§1463. Every person of full age, and of sound mind, may dispose of his estate, both real and personal, by will.
§1464. Any married woman may dispose, by will, of all property belonging to her in her own right, in like manner as a person under no disability might do.
§1465. No will (except such nuncupative wills as are mentioned in this chapter*) shall be valid, unless it be in writing and signed by the testator, or by some person in his presence and by his express direction, and attested by two or more competent witnesses subscribing their names to the will, in the presence of the testator.
§1466. If the subscribing witnesses to a will are competent at the time of attesting its execution, their subsequent incompetency, from whatever cause it may arise, shall not prevent the probate and allowance of the will, if it be otherwise satisfactorily proved.
§1467. All beneficial devises, legacies, and gifts whatever, made or given in any will to a subscribing witness thereto shall be void, unless there are two other competent subscribing witnesses to the same, but a mere charge on the estate of the testator for the payment of debts, shall not prevent his creditors from being competent witnesses to his will.
§1468. But if such witness, to whom any beneficial devise, legacy, or gift, is made or given, would have been entitled to any share of the estate of the testator, in case the will had not been established, then so much of the share as would have descended or been distributed to such witness, as will not exceed the devise or bequest made to him in the will, shall be saved to him, and he may recover the same of the devisees or legatees named in the will, in proportion to and out of all the parts devised or bequeathed to them.
*Note––Such wills were not provided for.
§1469. Every devise, purporting to he a devise of all the real or personal estate of the testator, shall be construed to convey all the real or personal estate belonging to him at the time of his decease, unless it shall clearly appear by the will that he intended otherwise.

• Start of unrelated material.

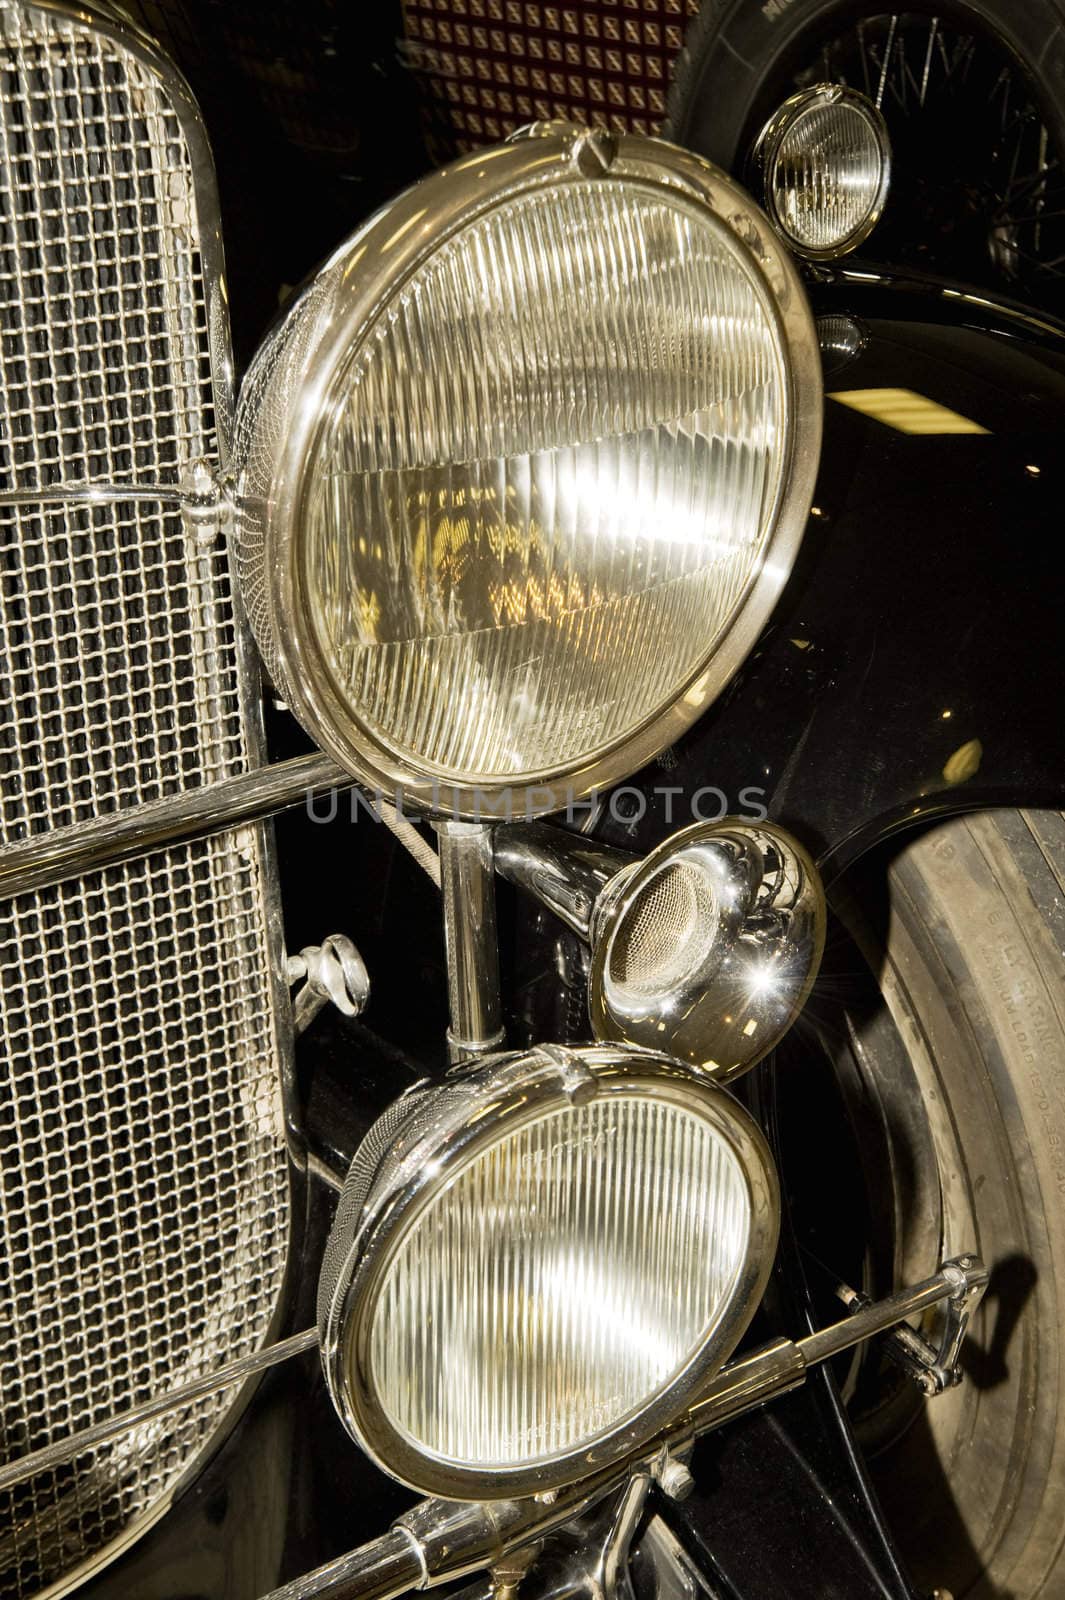 The old automobile headlight taken as close up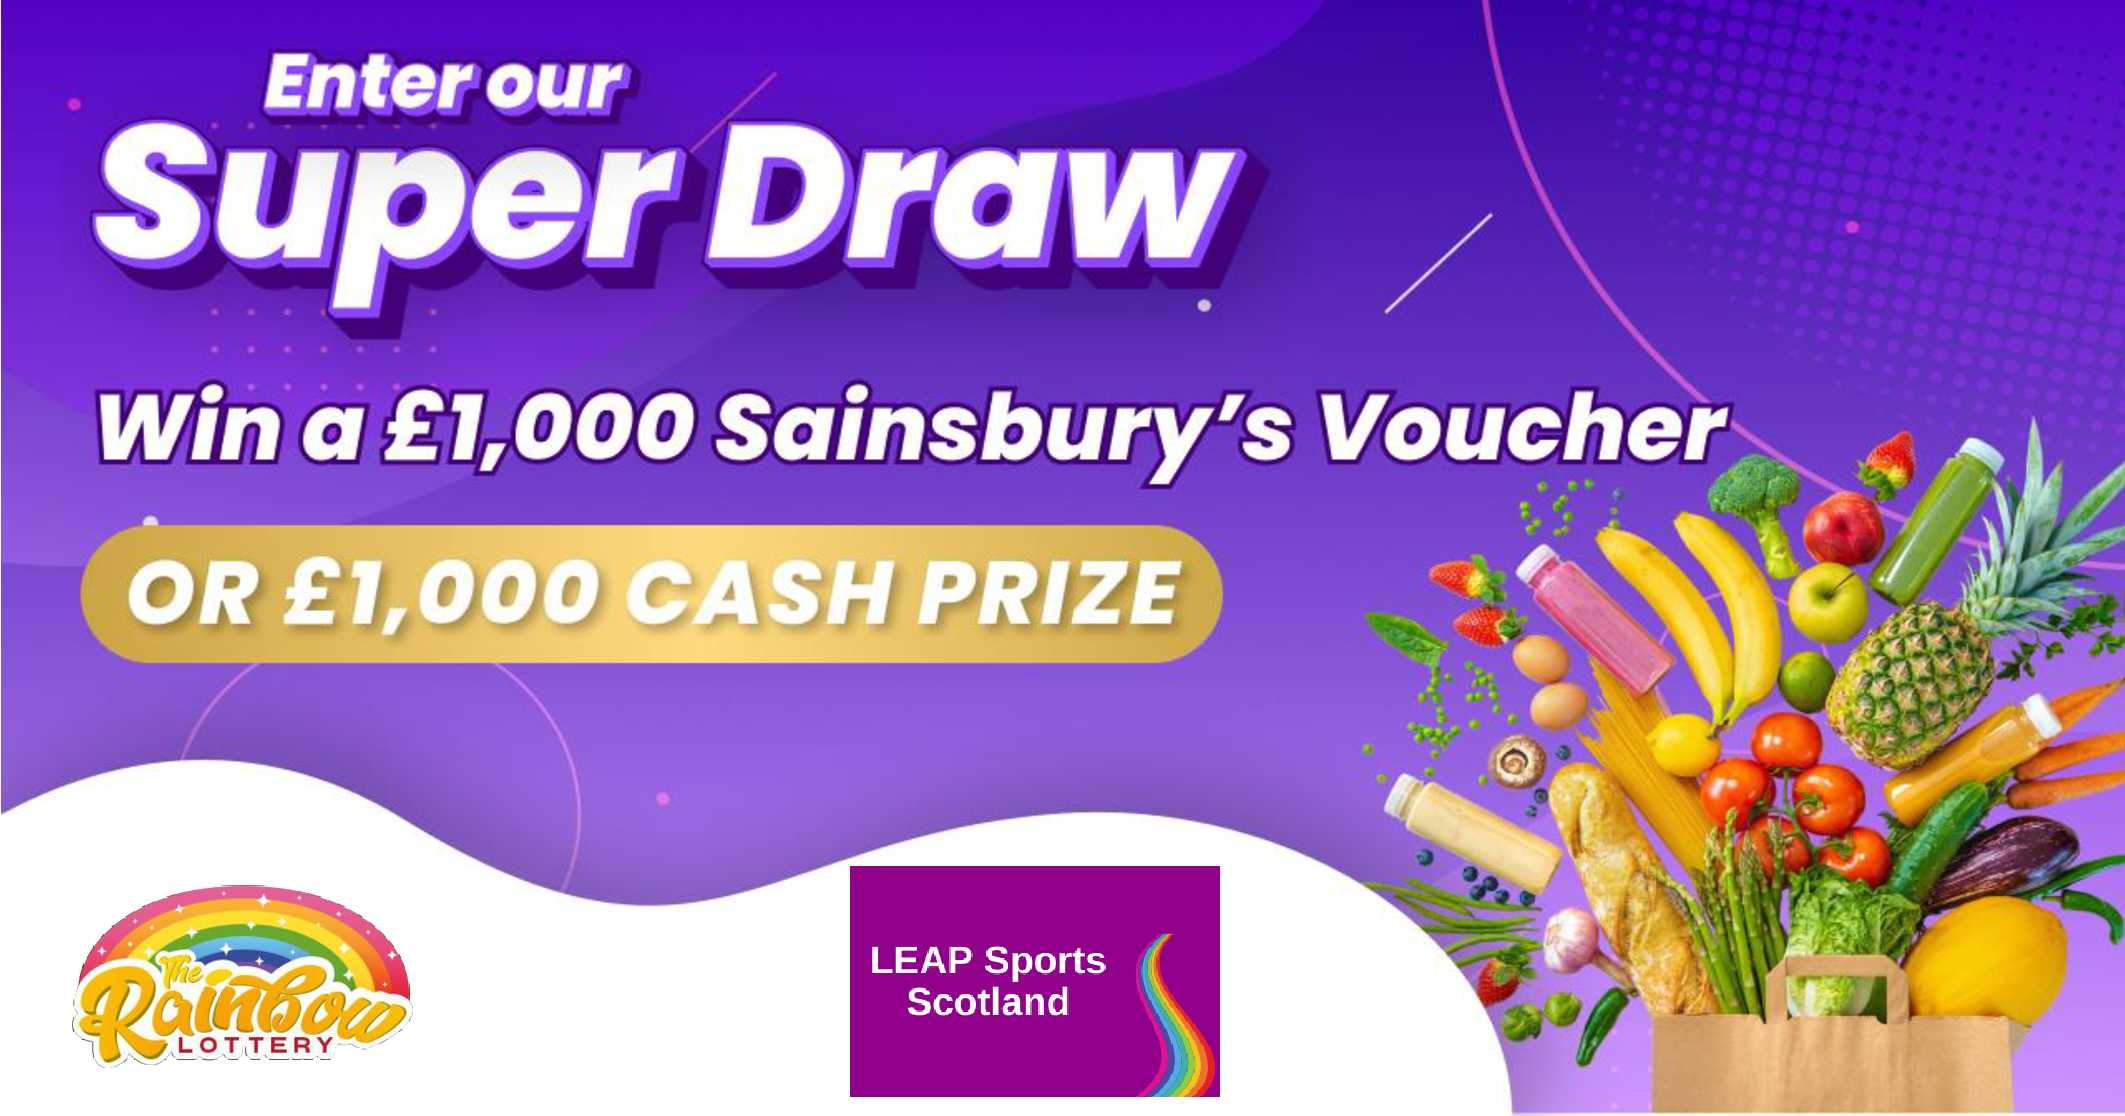 Support LEAP Sports Scotland when you play The Rainbow Lottery

§1470. No written will shall be revoked, unless by burning, tearing, canceling, or obliterating the same, with the intention of revoking it, by the testator or by some person in his presence, and by his direction, or by some other will in writing, executed as prescribed in this chapter; but nothing contained in this section shall prevent the revocation implied by law, from subsequent changes in the condition or circumstances of the testator.
§1471. If, after the making of any will, the testator shall duly make and execute a second will, the destruction, canceling, or revocation of such second will, shall not revive the first will, unless after such destruction, canceling, or revocation, the first will shall be duly republished.

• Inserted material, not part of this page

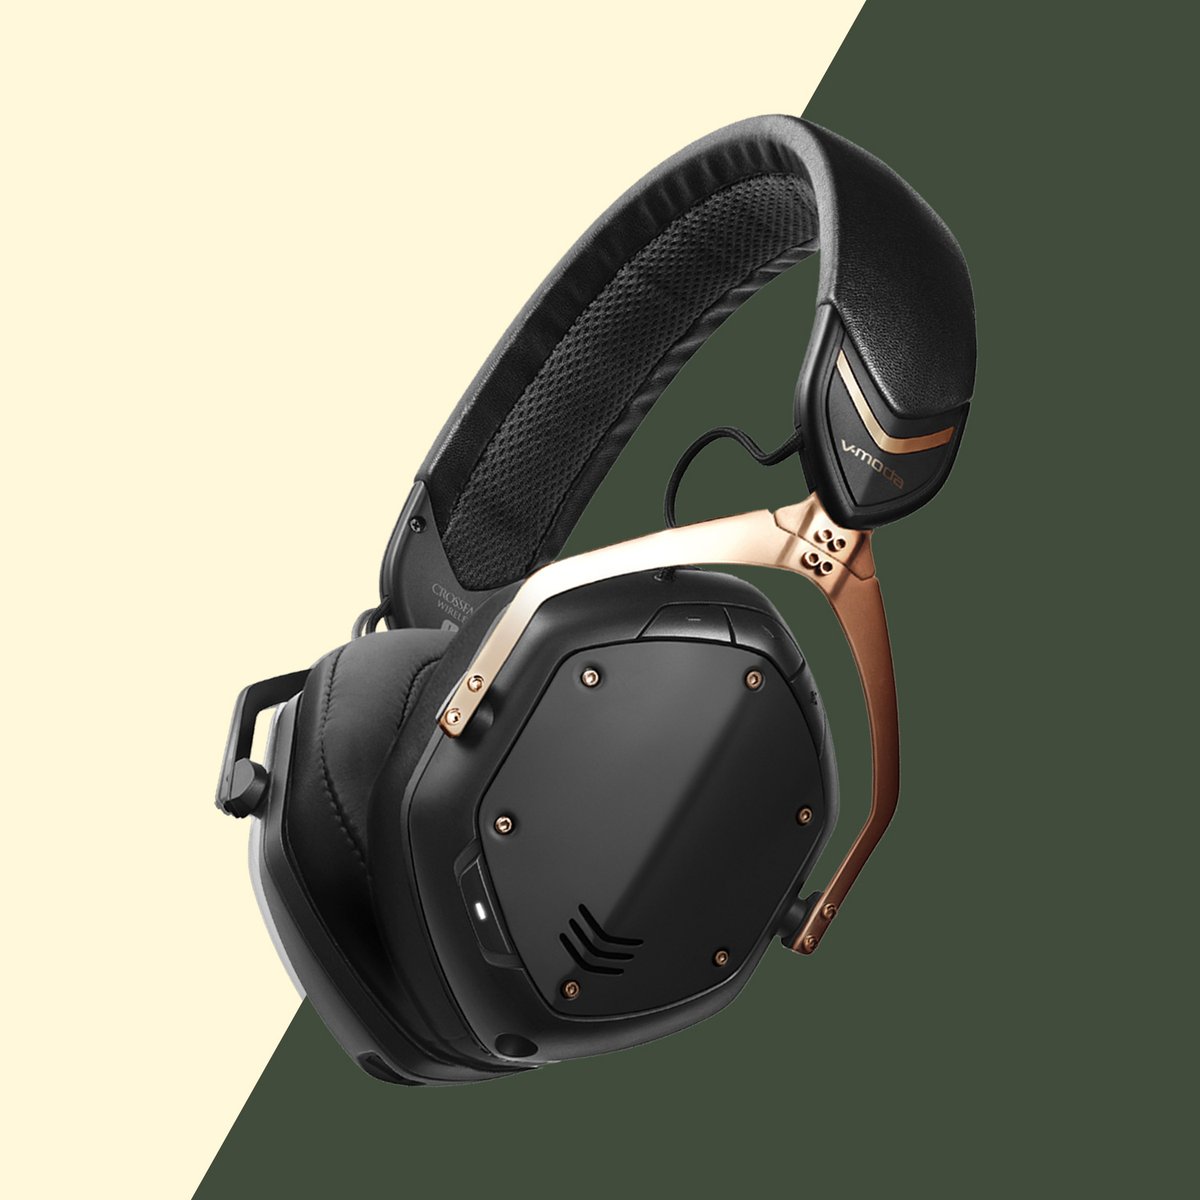 Those lines, that form, that shine 😍 What's your favorite thing about the Crossfade 2 Wireless in Rose Gold? Ours is that it's currently on special offer! 🎧: v-moda.com/crossfade2-wir…

§1472. If, after the making of a will, the testator shall marry and shall have a child born to him, and no provision shall be made in the will for such contingency, such marriage and birth shall operate as a revocation of such will.
§1473. A will executed by an unmarried woman, shall be deemed revoked on her subsequent marriage, and shall not be revived by the death of her husband.
§1474. No written will shall be allowed to be proved after the expiration of five years from the death of the testator: provided, however, that where any minor is interested in the estate, one year shall be allowed after his arrival at full age, to cause such will to be proved and allowed.
§1475. The term “will,” as used in this chapter, shall be so construed as to include all codicils as well as wills.
§1476. Nothing contained in this chapter shall be so construed as to conflict with the law relating to dower.